Lo scorso gennaio, abbiamo ricevuto la notizia della protesta per l’autoimmolazione del
26enne Shurmo, del villaggio di Driru Shagchukha, cinque anni dopo che era accaduta.
Ciò getta una luce sulla portata del controllo e della sorveglianza delle informazioni in
corso in Tibet.
Shurmo è uno dei 155 tibetani che si sono auto immolati dal 2009. 133 tibetani sono
morti in seguito alle loro proteste. La morsa del dominio cinese in Tibet ha spinto i
tibetani all’interno del Tibet a ricorrere a misure estreme per esprimere il loro
risentimento contro le politiche e le pratiche che minacciano l’identità, la religione e la
cultura tibetane.
Anche se avvolti dalle fiamme, fino all’ultimo respiro questi eroi hanno chiesto la
libertà per il popolo tibetano e il legittimo ritorno di Sua Santità il Dalai Lama in Tibet.

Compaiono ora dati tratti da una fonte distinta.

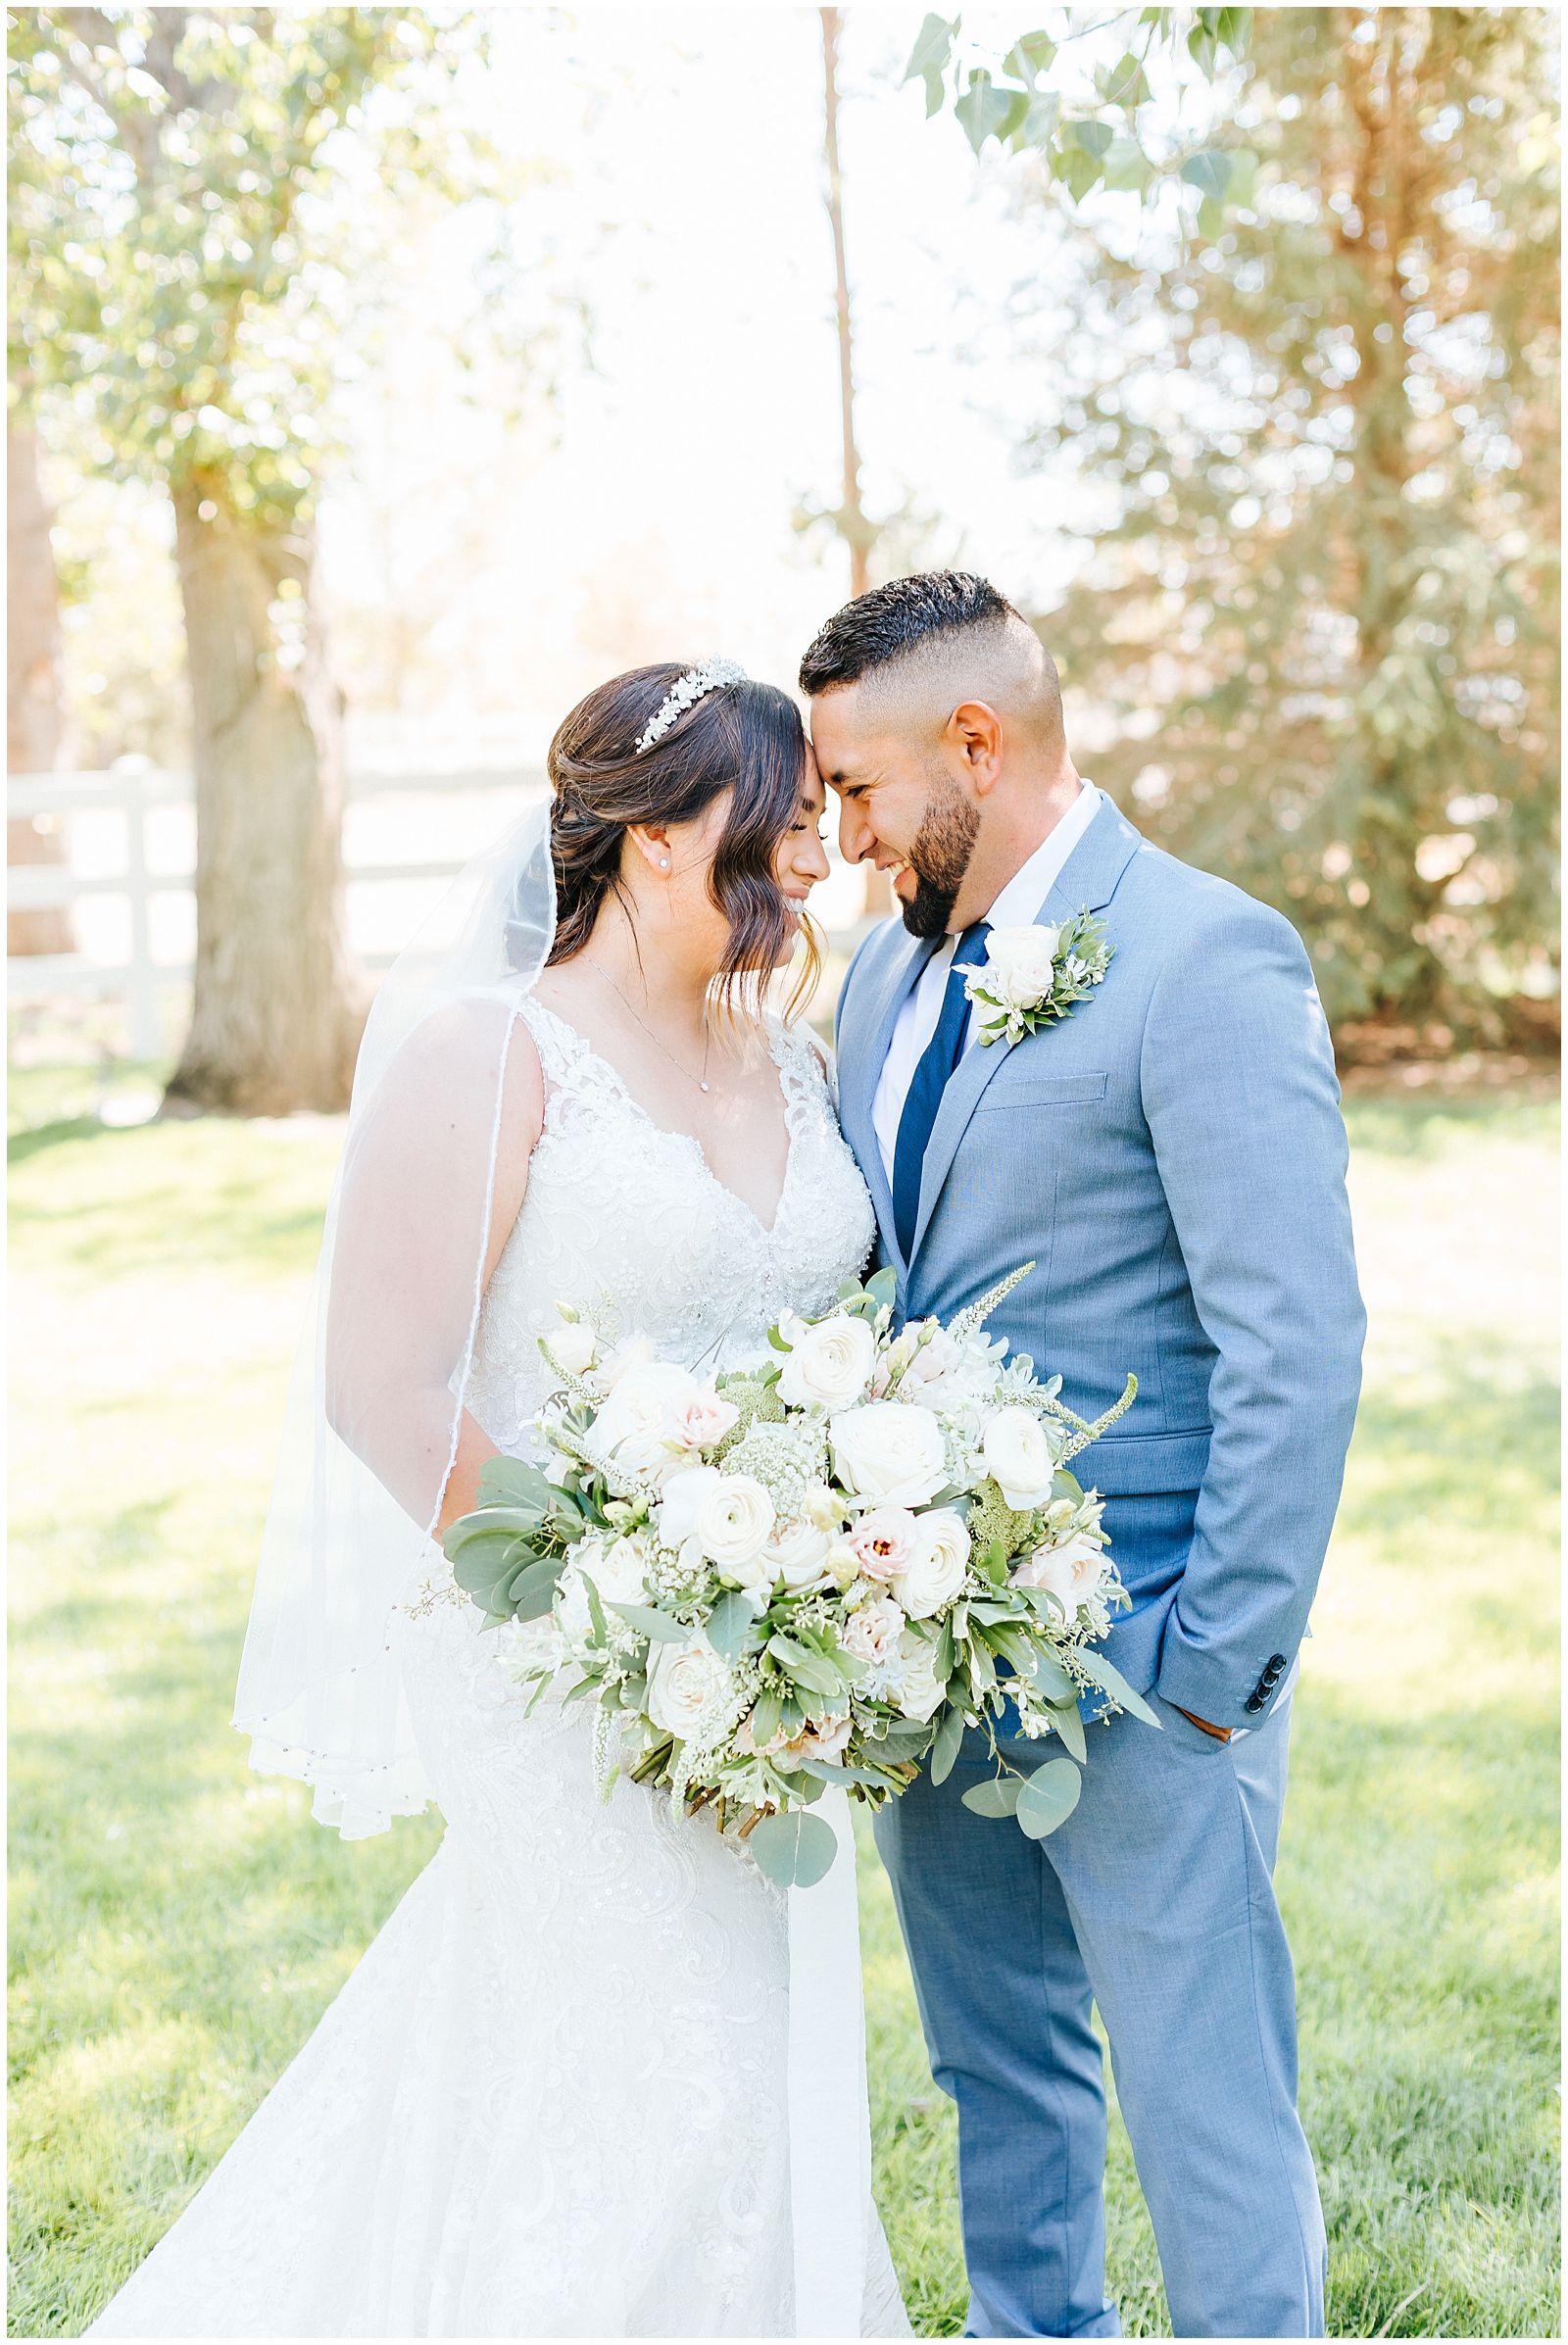 Bride and Groom Wedding Day Portraits with White Bridal Bouquet and Grey Navy Suit at Dusty Blue Fox Canyon Vineyards Wedding

La realtà in Tibet viene ben spiegata nel rapporto annuale della Freedom House del
2021, che elenca il Tibet come la regione meno libera al mondo insieme alla Siria. Oggi
utilizzando il suo crescente peso economico per mettere a repentaglio la democrazia
globale, i tentacoli della Cina hanno raggiunto il resto del mondo ben oltre il Tibet.

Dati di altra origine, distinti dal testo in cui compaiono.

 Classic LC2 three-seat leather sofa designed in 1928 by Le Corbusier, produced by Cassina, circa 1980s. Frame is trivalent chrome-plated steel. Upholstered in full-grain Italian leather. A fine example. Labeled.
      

Secondo Freedom House, la Cina conduce nel mondo “la campagna di repressione
transnazionale più sofisticata, globale e completa “.
Il rapporto sottolinea gli sforzi del PCC per controllare e fare pressione sui cittadini
cinesi, sui dissidenti politici e sulle comunità minoritarie come tibetani, uiguri e Hong
Kong.
Le democrazie di tutto il mondo devono unirsi per contrastare questi attacchi alla
democrazia globale.
Il 27 dicembre 2020, l’allora presidente degli Stati Uniti, Donald Trump, ha firmato il
Tibetan Policy and Support Act 2020 (TPSA). Il TPSA aggiorna in modo significativo
la politica statunitense e il sostegno al Tibet. Afferma fermamente che la reincarnazione
del Dalai Lama e di altri leader buddisti tibetani sono questioni religiose e tutte le
decisioni relative alle reincarnazioni dipendono esclusivamente dal Dalai Lama, dal
popolo tibetano e dalla comunità buddista tibetana.
Mette inoltre in evidenza le sanzioni contro le autorità cinesi che interferiscono in
questa materia. Il disegno di legge riconosce formalmente l’Amministrazione Centrale
Tibetana e riconosce l’importanza dell’ambiente del Tibet e dei suoi altipiani.

Ringraziamo il governo degli Stati Uniti, il Congresso e il Senato, e in particolare gli
sponsor e co-sponsor del disegno di legge. Ringraziamo anche tutte le organizzazioni
e le persone che hanno sostenuto il rapido passaggio del disegno di legge.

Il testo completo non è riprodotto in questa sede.